The future is now: cognitive computing throughout the enterprise today
Long before it ever began, 2017 was being heralded as the year of artificial intelligence. With widespread predictions from industry analysts and a growing number of horizontal use cases of cognitive computing’s utility for the immediate future, the social implications of those technologies threatened to rapidly dwarf their practical application to the enterprise today.
In fact, each new headline regarding autonomous vehicles, healthcare research and virtual assistants only increased those expectations while overshadowing one small, glaring fact that has remained overlooked in all of the zeal for the social transformation ascribed to cognitive computing’s prowess.
Prakash Nanduri, co-founder and CEO of Paxata (paxata.com), notes that people in the industry say that if they can do cognitive computing, they can solve cancer. Nanduri, however, cautions, “I’m sorry, you cannot even begin to solve that problem until you have turned data into information.”
That’s just what cognitive computing is doing for the enterprise today—and what it’s been doing for the past couple of years. It plays a fundamental role in accelerating and automating the core tenets of data management (data modeling, data quality, transformation and integration) to fuel the applications and analytics that provide the merit for which data is renowned.

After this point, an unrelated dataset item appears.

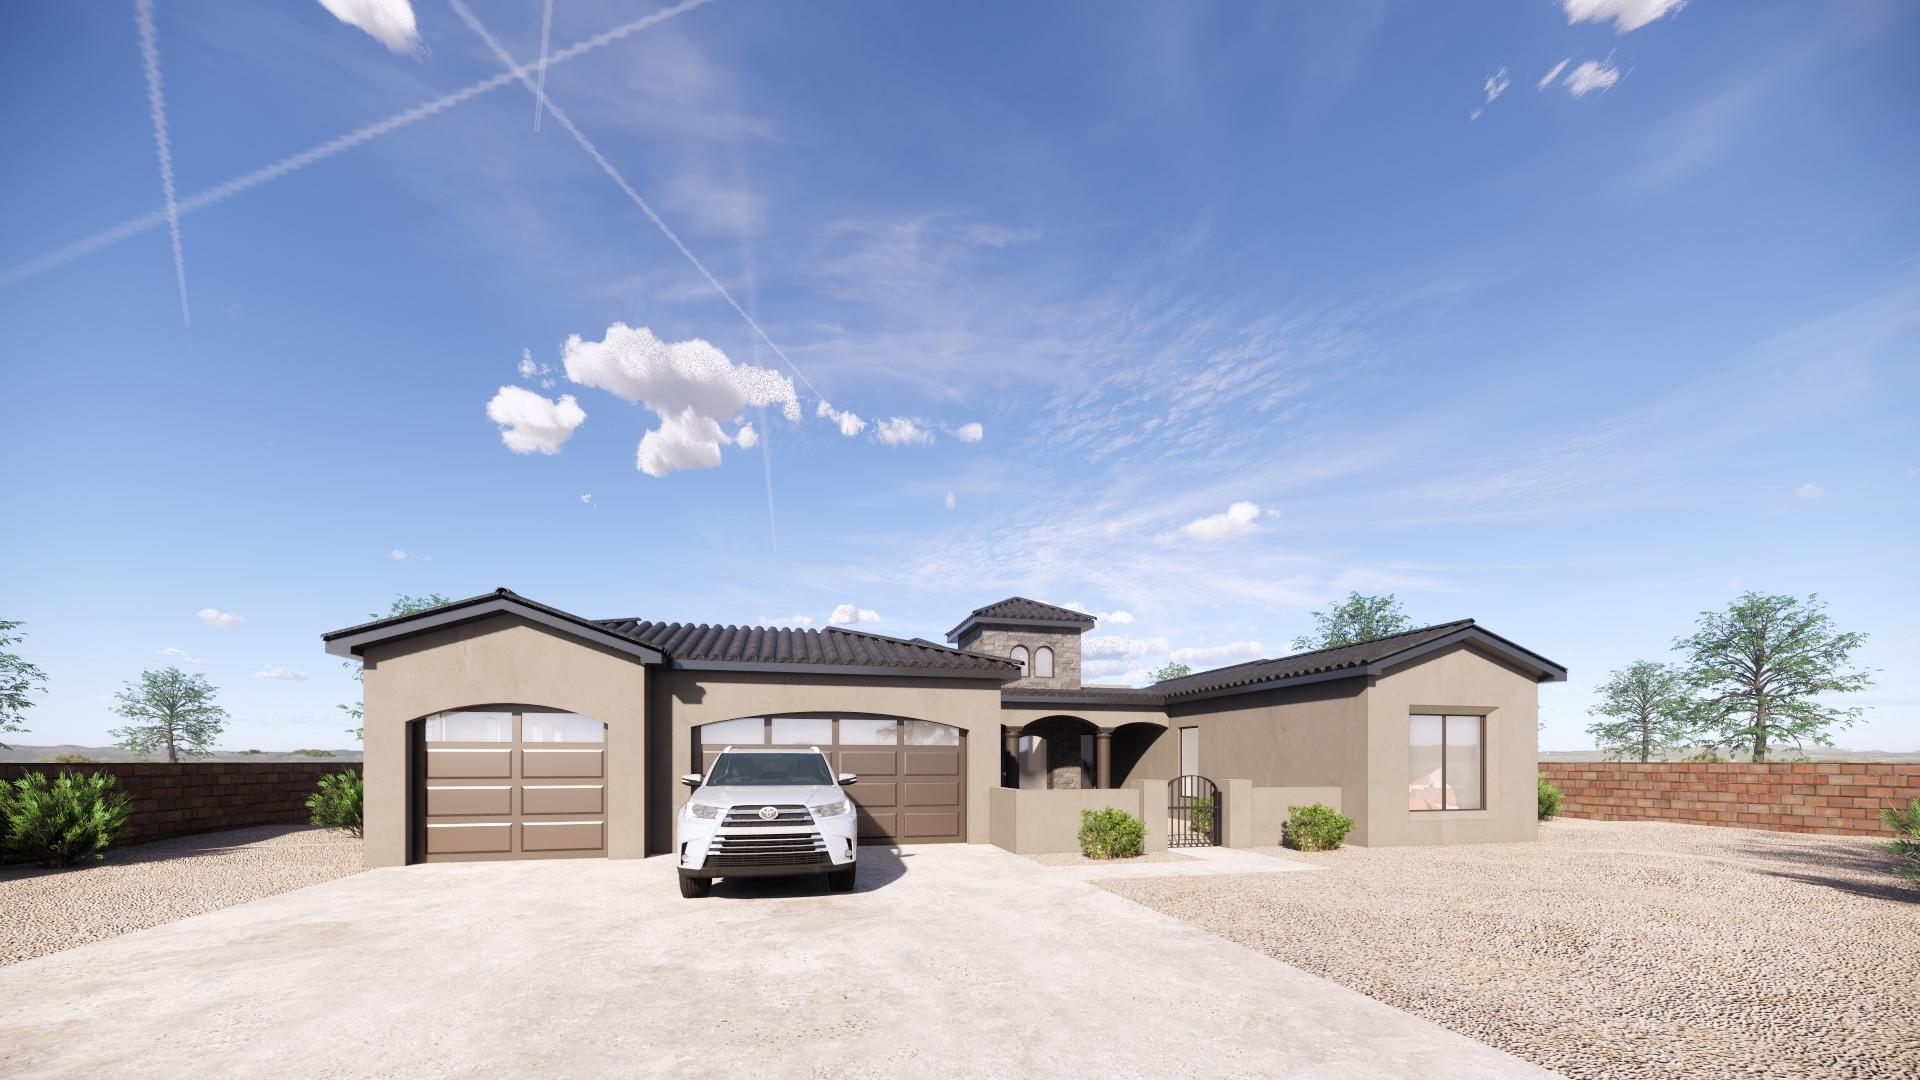 6527 PATO Road, Albuquerque NM 87120

More importantly, it provides those benefits for the most repetitious, vital analytics and application prerequisites, at scale, in time to take advantage of the rapidity with which big data is generated. To that end, the elements of cognitive computing that are widely deployed today and most valuable to the enterprise include:
- Machine learning—Machine learning is arguably the most commonly found manifestation of cognitive computing, so it’s not surprising it’s available in so many forms. There is both supervised and unsupervised machine learning (the former of which requires human intervention and the latter of which learns on its own, according to Nanduri), as well as that centered upon automation and that centered upon recommendations. “When we think about how we’re going to build machine learning into a workflow, we try to think hard about whether this is a recommendation problem or an automation problem,” Eliot Knudsen, data science lead at Tamr (tamr.com), says. “It’s a little subtle but tends to be important in framing the work we do.”
- Deep learning—Deep learning and neural network techniques bear similarity to machine learning ones yet involve a degree of inferences and learning by examples—rather than in accordance with training based on predefined rules—that creates a profound difference. According to Jack Porter, president and CEO of Razorthink (razorthink.com), “The three big differentiators between machine learning and deep learning are machine learning can only handle a few variables—it kind of runs out of gas at about 20 variables; the accuracy levels of the predictions are in about the 50 percent range; and it has to detect something that’s linear, not non-linear.”
- Natural language processing—NLP enables cognitive systems and those endowed with cognitive capabilities to understand language as it’s commonly used, which is inestimable to data quality issues of disambiguation, de-duplication, record matching and freshness of data. It also provides the basis for speech recognition and other language-enabled capabilities for AI.
- Semantic text analytics—Algorithms for semantic text analytics read and decipher text (in both structured and unstructured data) to glean its underlying meaning regardless of data type or format.
- Computational algorithms—According to Nanduri, those algorithms rely on traditional mathematics to solve problems and may be used in rules engines for use cases such as determining credit score.
Those facets of cognitive computing are regularly found in the enterprise today, particularly in self-service options for preparing data for analytics application use. They attest to the fact that regardless of what else cognitive computing may achieve, it is already considerably impacting the business user’s data-driven practices.
“To reach an information-driven world where we get the outcome we want, we have to start with data and use smart cognitive computing techniques to make data information,” Nanduri says.
The most utilitarian effect of cognitive computing on data preparation could very well be in the realm of data modeling, the foundation of many data-centric processes, which it impacts in multiple ways. Knudsen says, “Modeling can mean one of two things. It can mean building a machine learning or predictive analytics model, or it can mean the exercise of what goes through to build a data model to build the datasets that you need to do your analytics.” Machine learning in particular is critical to expediting data modeling for various datasets because it can recommend the quickest and most effectual way to map data to merge them. Oftentimes, users simply have to approve such mapping, which provides an overarching form of human oversight for that cognitive process. “Mapping different columns to different attributes is very repetitive,” Knudsen explains. “You have to do it over and over again. We build recommendations into a workflow like that to make that process more efficient.”
In other instances, AI is able to automate facets of data modeling, particularly in terms of building predictive models at scale in real time. In those cases, machine learning and deep learning are able to evolve data models nearly instantaneously. When one considers the speed and the scale by which AI can implement that process, it enables a flexible agility of data modeling, which is “based on the data themselves,” Porter says. “It’s the only way to do it. You can’t base it on the schema of the data; you can’t base it on anything else. There’s no rule of thumb. The thing that drives the architecture of the model is the actual data, what the events are in the data themselves.”